By setting parameters for preprocess.sh, the original data can be sampled and spilted. The readme.md in each dataset folder provides the example and explanation of script parameters, the common parameters are:

  1. -s := ‘iid’ to sample in an i.i.d. manner, or ‘niid’ to sample in a non-i.i.d. manner; more information on i.i.d. versus non-i.i.d. is included in the ‘Notes’ section.

  2. --sf := fraction of data to sample, written as a decimal; default is 0.1.

  3. -k := minimum number of samples per user

  4. -t := ‘user’ to partition users into train-test groups, or ‘sample’ to partition each user’s samples into train-test groups

  5. --tf := fraction of data in training set, written as a decimal; default is 0.9, representing train set: test set = 9:1.

At present, FedLab’s Leaf experiment need provided training data and test data, so we needs to provide related data training set-test set splitting parameter for preprocess.sh to carry out the experiment, default is 0.9.

If you need to obtain or split data again, make sure to delete data folder in the dataset directory before re-running preprocess.sh to download and preprocess data.

Pickle file stores Dataset.#

In order to speed up developers’ reading data, fedlab provides a method of processing raw data into Dataset and storing it as a pickle file.
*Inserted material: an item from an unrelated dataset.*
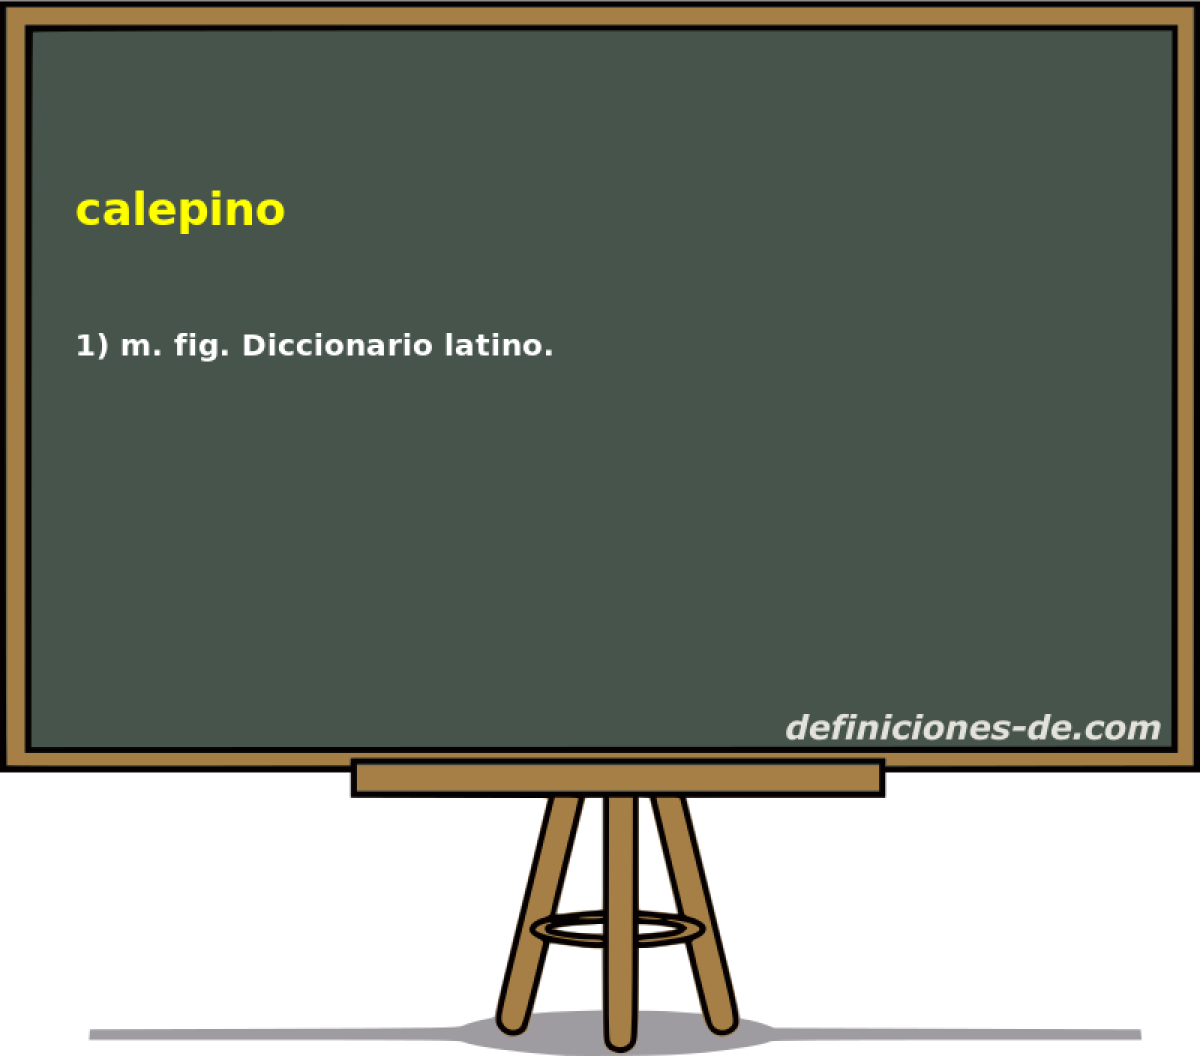 calepino 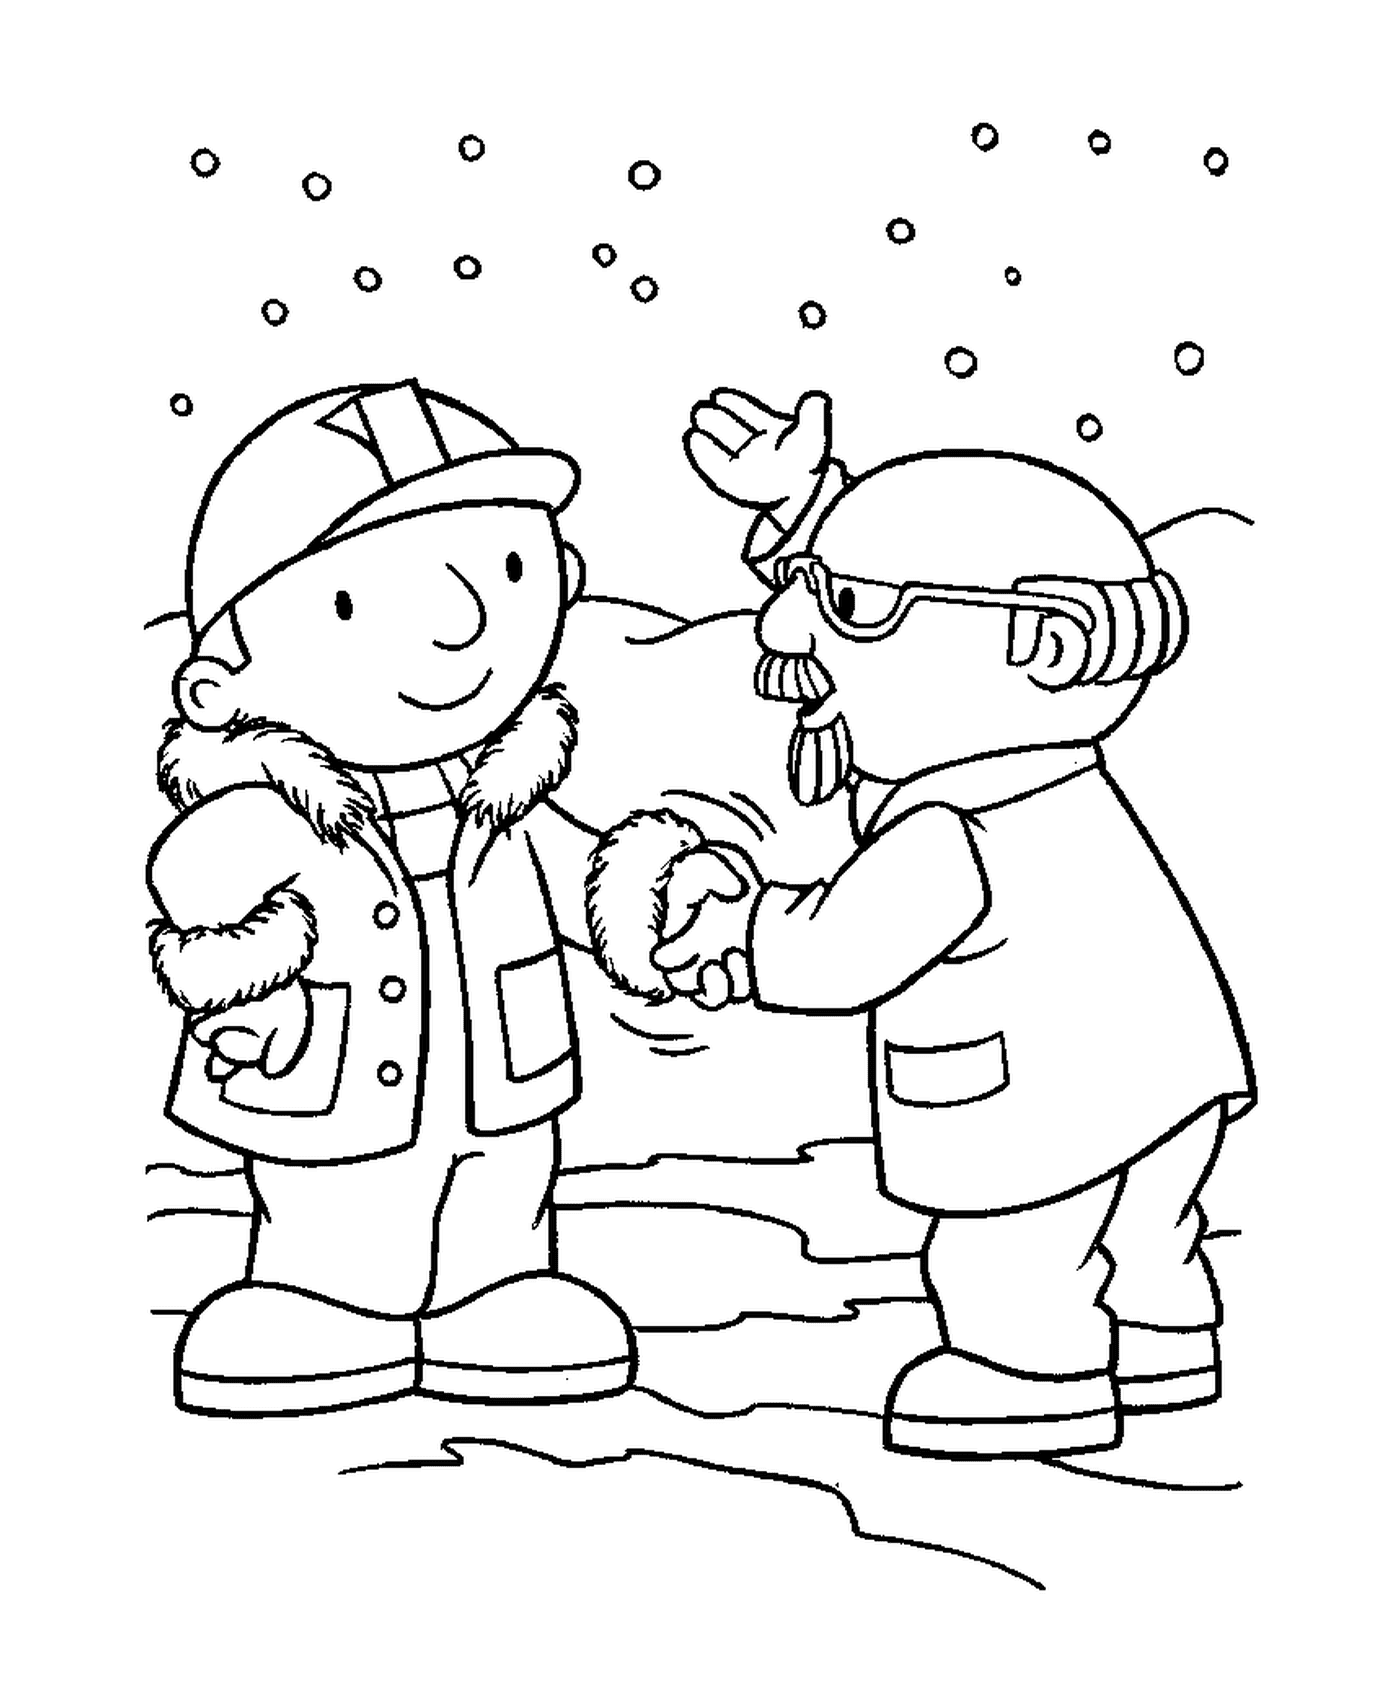  两个人在雪中握手

The Dataset of the corresponding data of each client can be obtained by reading the pickle file after data processing.

set the parameters and run create_pickle_dataset.py. The usage example is as follows:

cd fedlab_benchmarks/leaf/process_data
python create_pickle_dataset.py --data_root "../../datasets" --save_root "./pickle_dataset" --dataset_name "shakespeare"

Parameter Description:

  1. data_root : the root path for storing leaf data sets, which contains all leaf data sets; If you use the Fedlab_benchmarks/datasets/ provided by fedlab to download leaf data, ‘data_root’ can be set to this path, a relative address of which is shown in this example.
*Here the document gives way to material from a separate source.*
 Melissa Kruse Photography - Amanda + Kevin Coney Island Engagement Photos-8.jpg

  2. save_root: directory to store the pickle file address of the processed Dataset; Each dataset Dataset will be saved in {save_root}/{dataset_name}/{train,test}; the example is to create a pickle_dataset folder under the current path to store all pickle dataset files.
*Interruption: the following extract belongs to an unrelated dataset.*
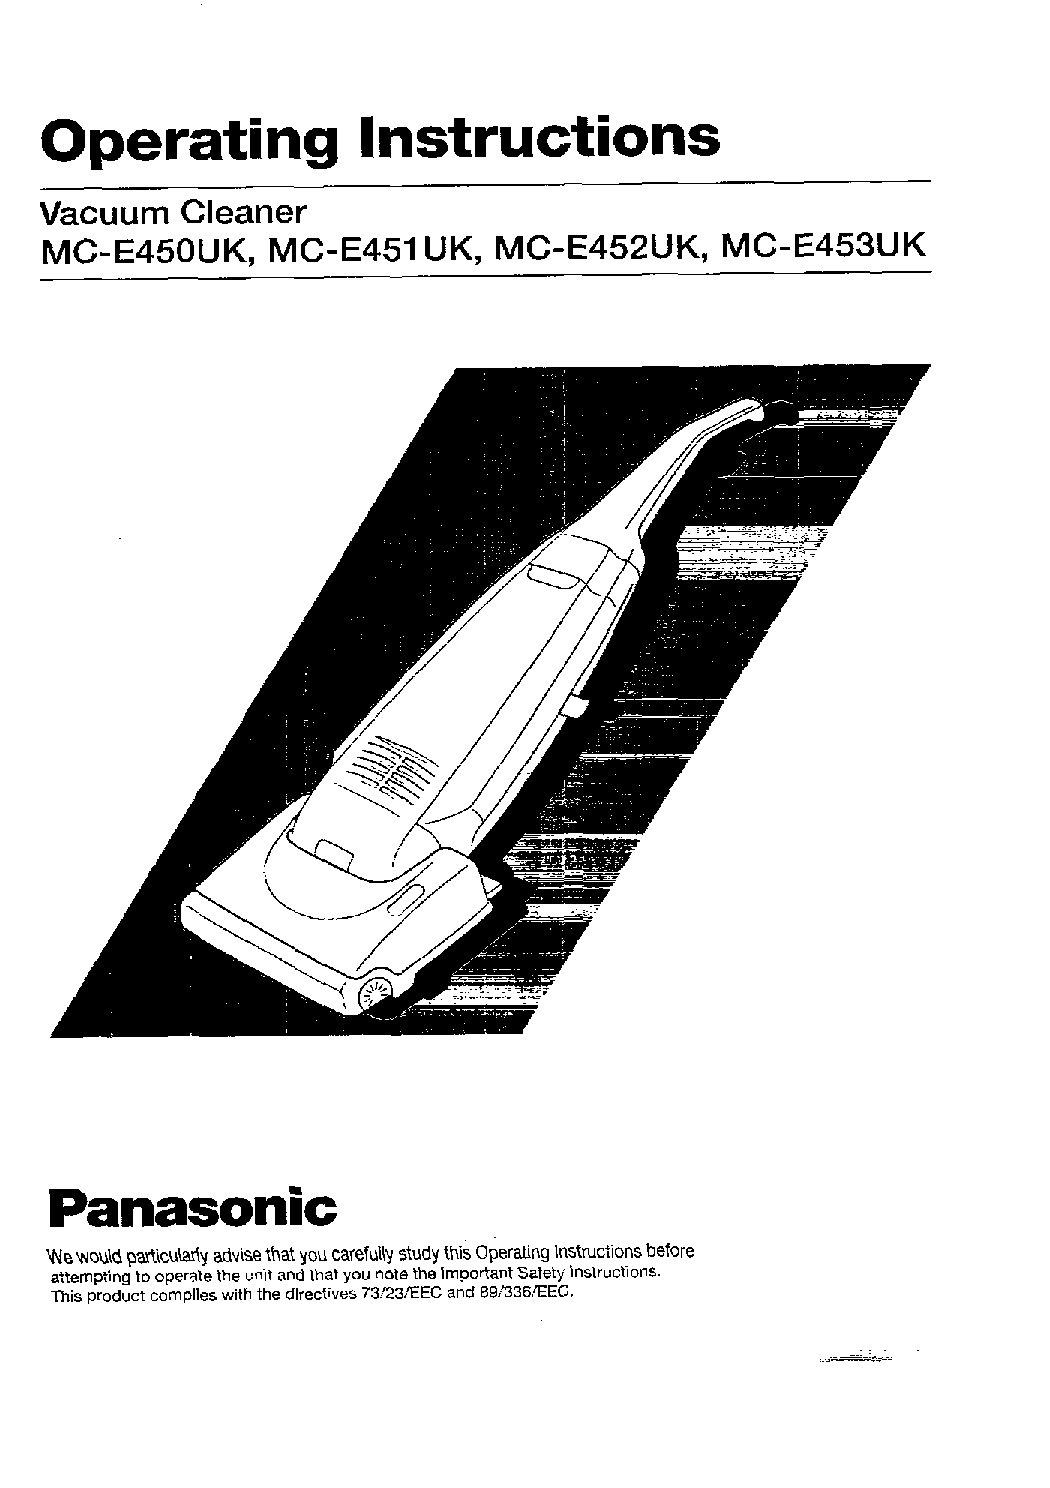 Panasonic MC-E453UK, MC-E452UK, MC-E451UK, MC-E450UK User Manual

  3. dataset_name: Specify the name of the leaf data set to be processed. There are six options {femnist, shakespeare, celeba, sent140, synthetic, reddit}.

Dataloader loading data set#

Leaf datasets are loaded by dataloader.py (located under fedlab_benchmarks/leaf/dataloader.py). All returned data types are pytorch Dataloader.

By calling this interface and specifying the name of the data set, the corresponding Dataloader can be obtained.

Example of use:

from leaf.dataloader import get_LEAF_dataloader
def get_femnist_shakespeare_dataset(args):
    if args.dataset == 'femnist' or args.dataset == 'shakespeare':
        trainloader, testloader = get_LEAF_dataloader(dataset=args.dataset,
                                                      client_id=args.rank)
    else:
        raise ValueError("Invalid dataset:", args.dataset)

    return trainloader, testloader

Run experiment#

The current experiment of LEAF data set is the single-machine multi-process scenario under FedAvg’s Cross machine implement, and the tests of femnist and Shakespeare data sets have been completed.

Run `fedlab_benchmarks/fedavg/cross_machine/LEAF_test.sh` to quickly execute the simulation experiment of fedavg under leaf data set.